Petrich, B. G. et al. Talin is required for integrin-mediated platelet function in hemostasis and thrombosis. J. Exp. Med. 204, 3103-3111

Department of Medicine, University of California, San Diego, La Jolla, CA 92093, USA.
Journal of Experimental Medicine (Impact Factor: 12.52). 01/2008; 204(13):3103-11. DOI: 10.1084/jem.20071800
Source: PubMed


Integrins are critical for hemostasis and thrombosis because they mediate both platelet adhesion and aggregation.
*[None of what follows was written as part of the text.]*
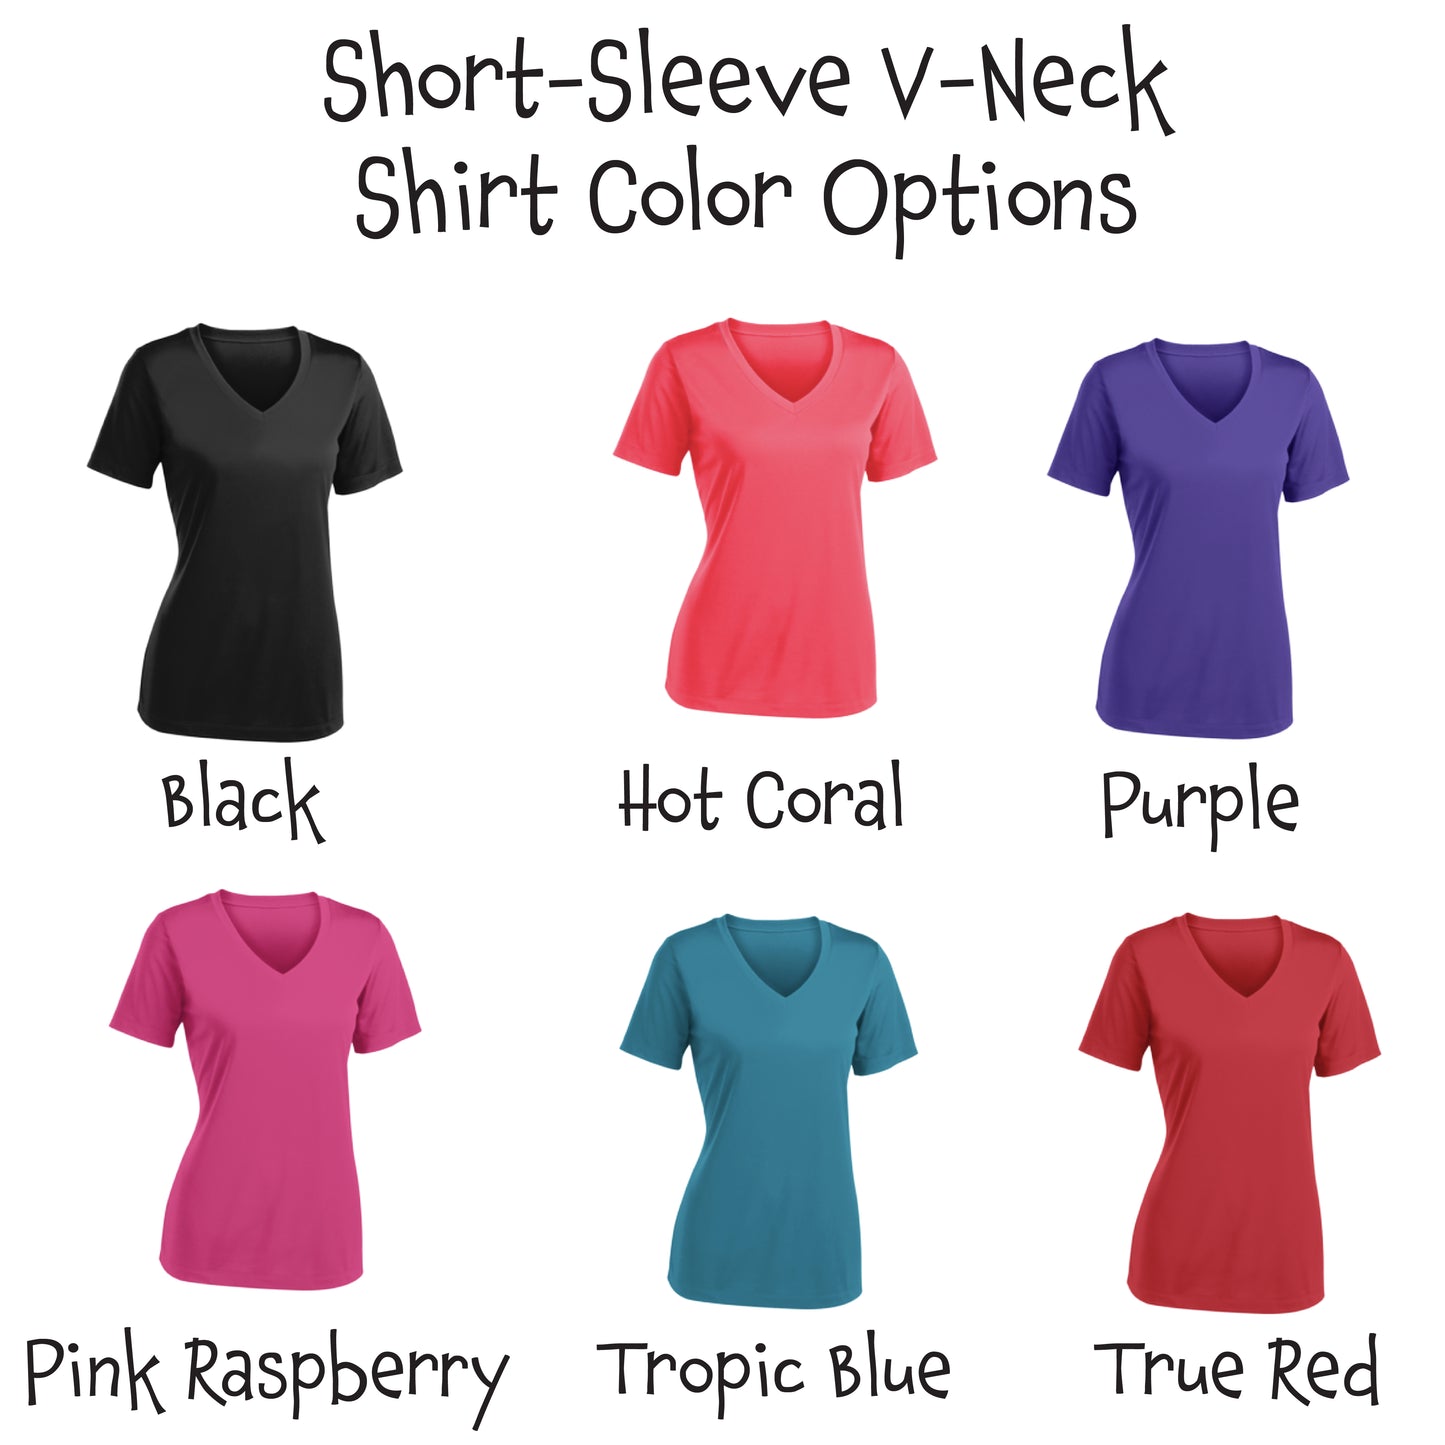 Pickleball Is Life | Women's Short Sleeve V-Neck Pickleball Shirts | 100% Polyester

Talin is an integrin-binding cytoplasmic adaptor that is a central organizer of focal adhesions, and loss of talin phenocopies integrin deletion in Drosophila. Here, we have examined the role of talin in mammalian integrin function in vivo by selectively disrupting the talin1 gene in mouse platelet precursor megakaryocytes. Talin null megakaryocytes produced circulating platelets that exhibited normal morphology yet manifested profoundly impaired hemostatic function. Specifically, platelet-specific deletion of talin1 led to spontaneous hemorrhage and pathological bleeding. Ex vivo and in vitro studies revealed that loss of talin1 resulted in dramatically impaired integrin alphaIIbbeta3-mediated platelet aggregation and beta1 integrin-mediated platelet adhesion. Furthermore, loss of talin1 strongly inhibited the activation of platelet beta1 and beta3 integrins in response to platelet agonists. These data establish that platelet talin plays a crucial role in hemostasis and provide the first proof that talin is required for the activation and function of mammalian alpha2beta1 and alphaIIbbeta3 integrins in vivo.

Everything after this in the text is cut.